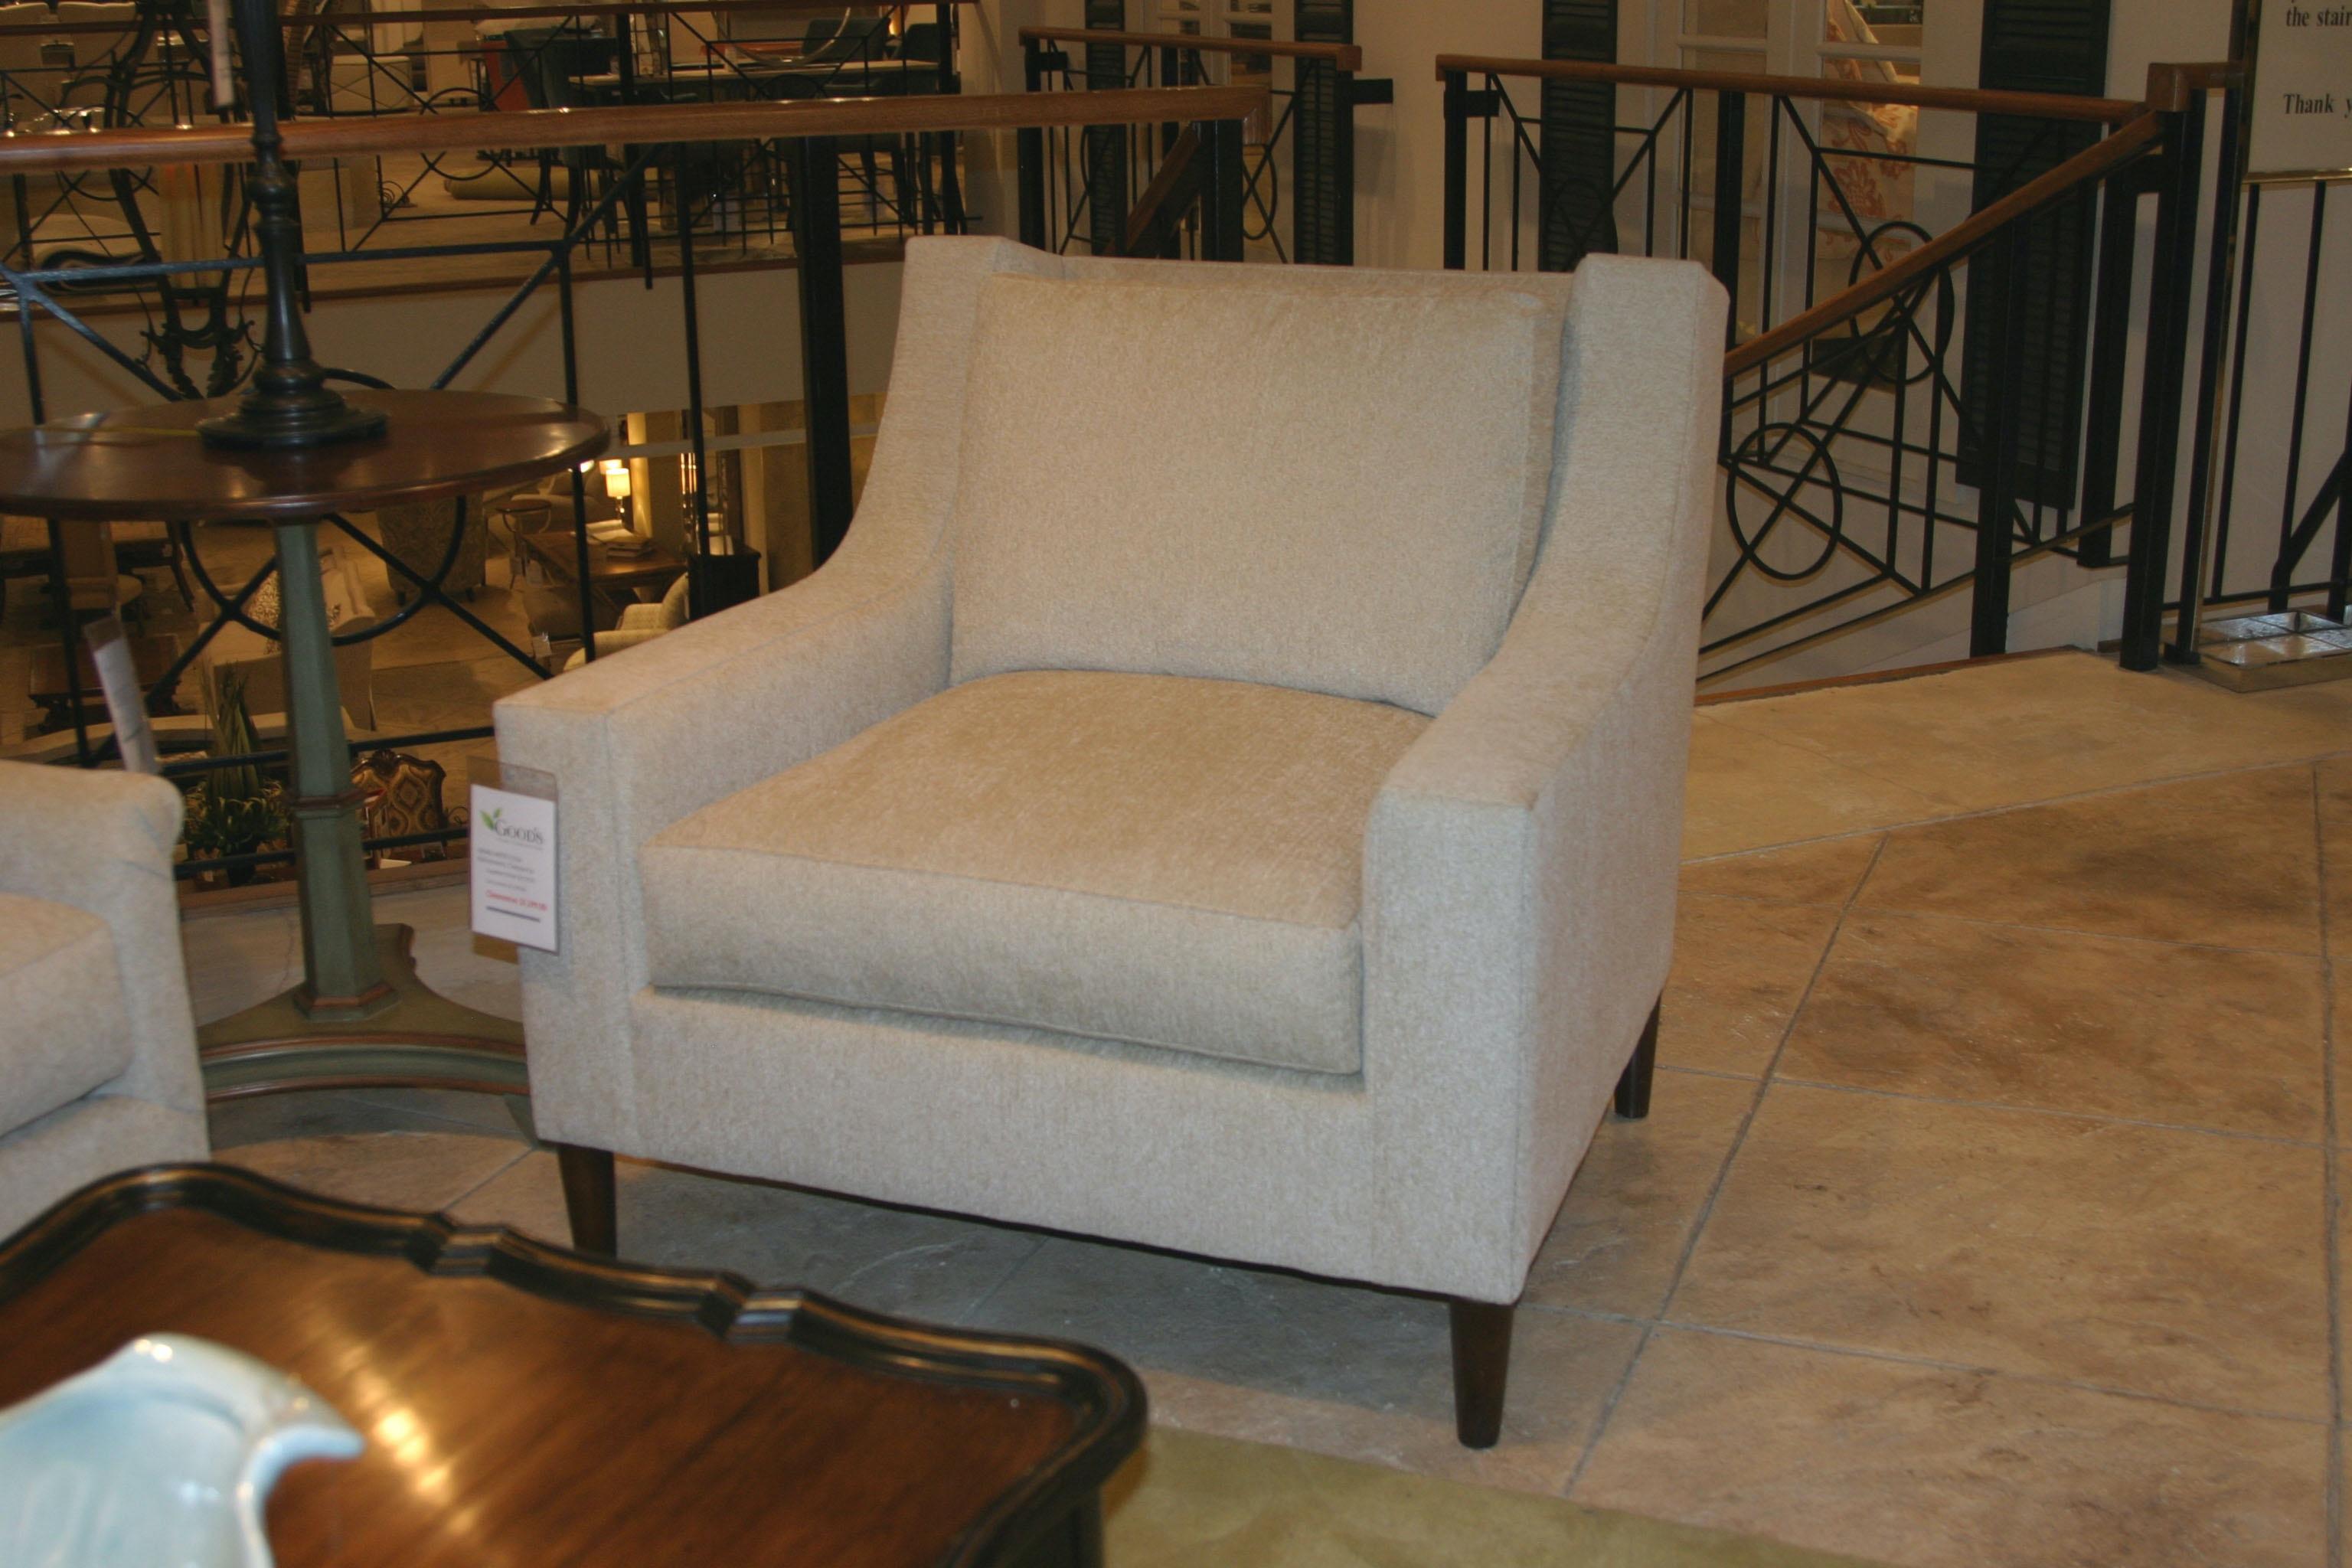 2645280.jpg?fitu003dfillu0026trimu003dcoloru0026trimcoloru003dFFFFFFu0026trimtolu003d5u0026bgu003dFFFFFFu0026wu003d384u0026hu003d288u0026fmu003dpjpg & Henredon Furniture H8700-Clearance Living Room Refinements Chair
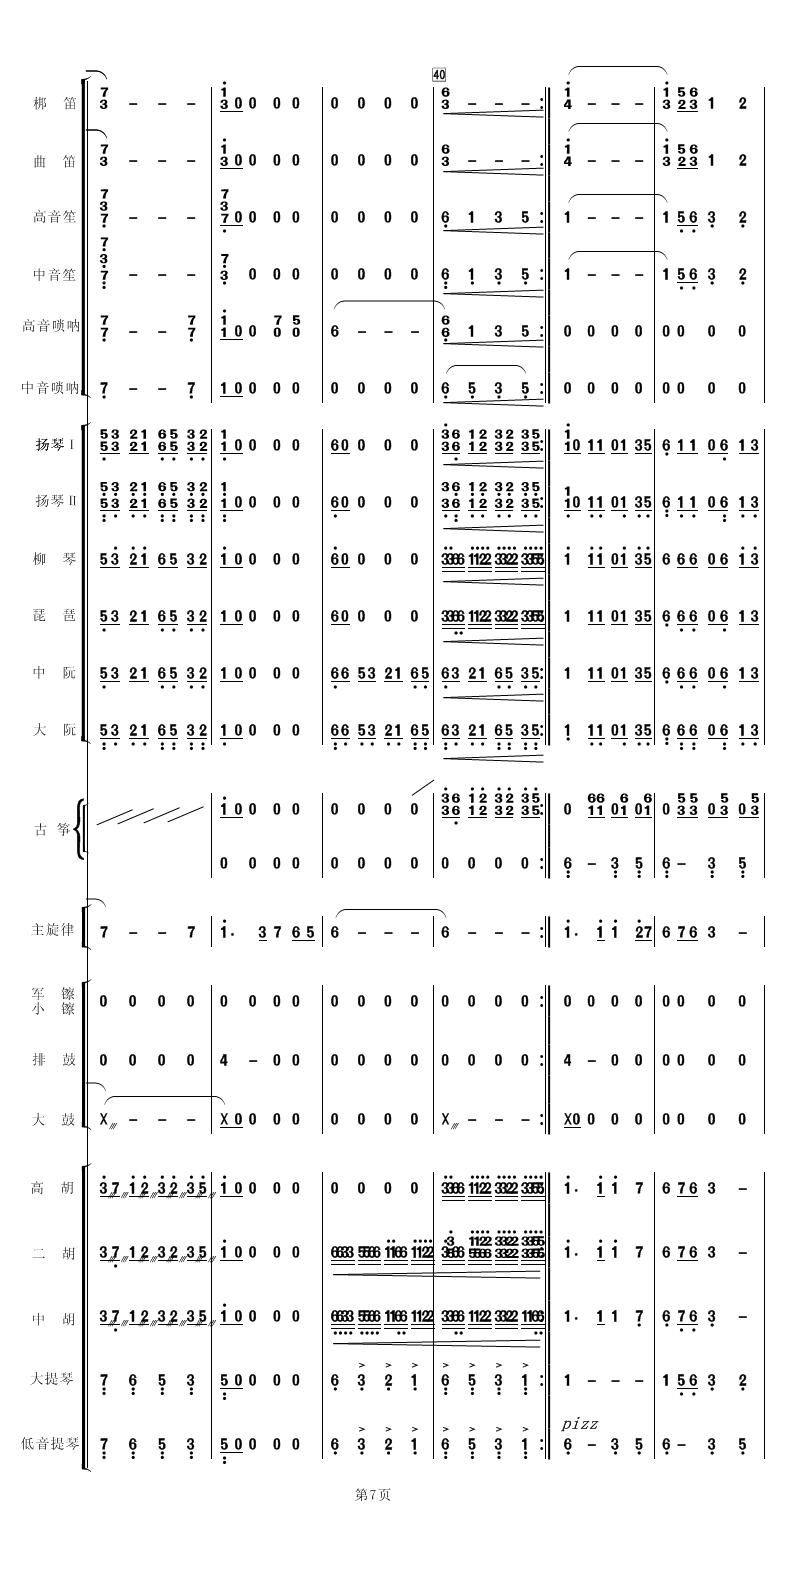 族管弦乐总谱 好日子 制谱展评 制谱论坛 谱谱风 简谱 软件 Powered
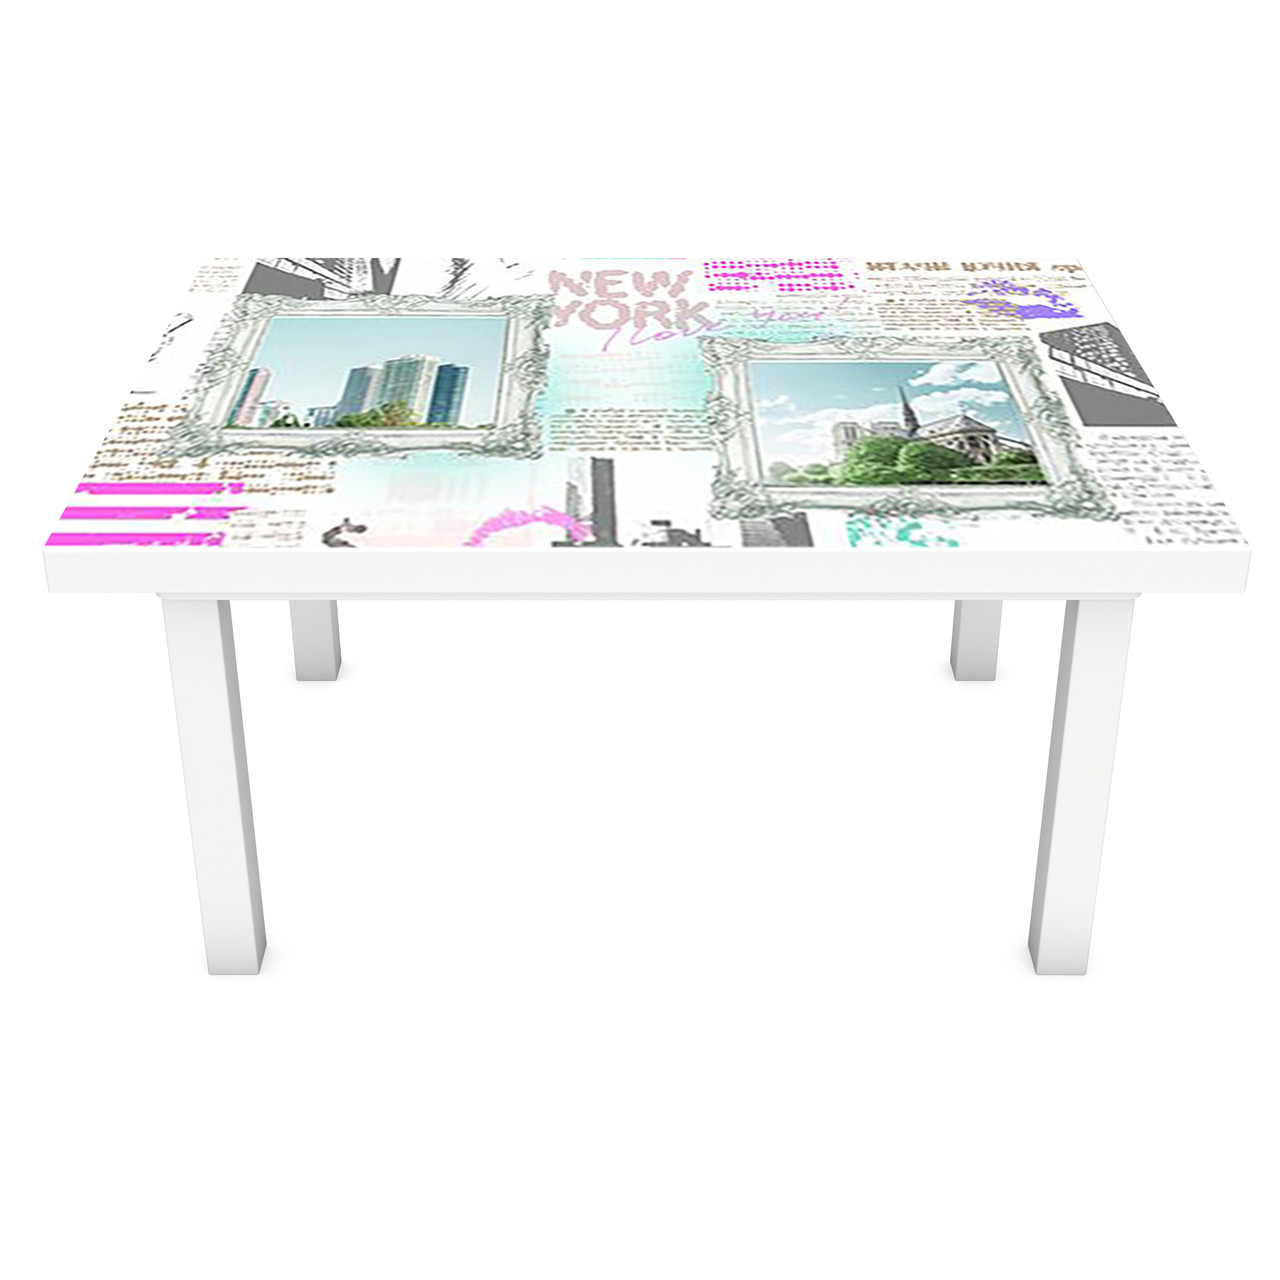 Наклейка на стол Город днем Картины (3Д виниловая пленка ПВХ) Абстракция Голубой 600*1200 мм

What is needed: Every word of the material above should be copied exactly; no pictures.

Answer section:
 2645280.jpg?fitu003dfillu0026trimu003dcoloru0026trimcoloru003dFFFFFFu0026trimtolu003d5u0026bgu003dFFFFFFu0026wu003d384u0026hu003d288u0026fmu003dpjpg & Henredon Furniture H8700-Clearance Living Room Refinements Chair
 族管弦乐总谱 好日子 制谱展评 制谱论坛 谱谱风 简谱 软件 Powered
 Наклейка на стол Город днем Картины (3Д виниловая пленка ПВХ) Абстракция Голубой 600*1200 мм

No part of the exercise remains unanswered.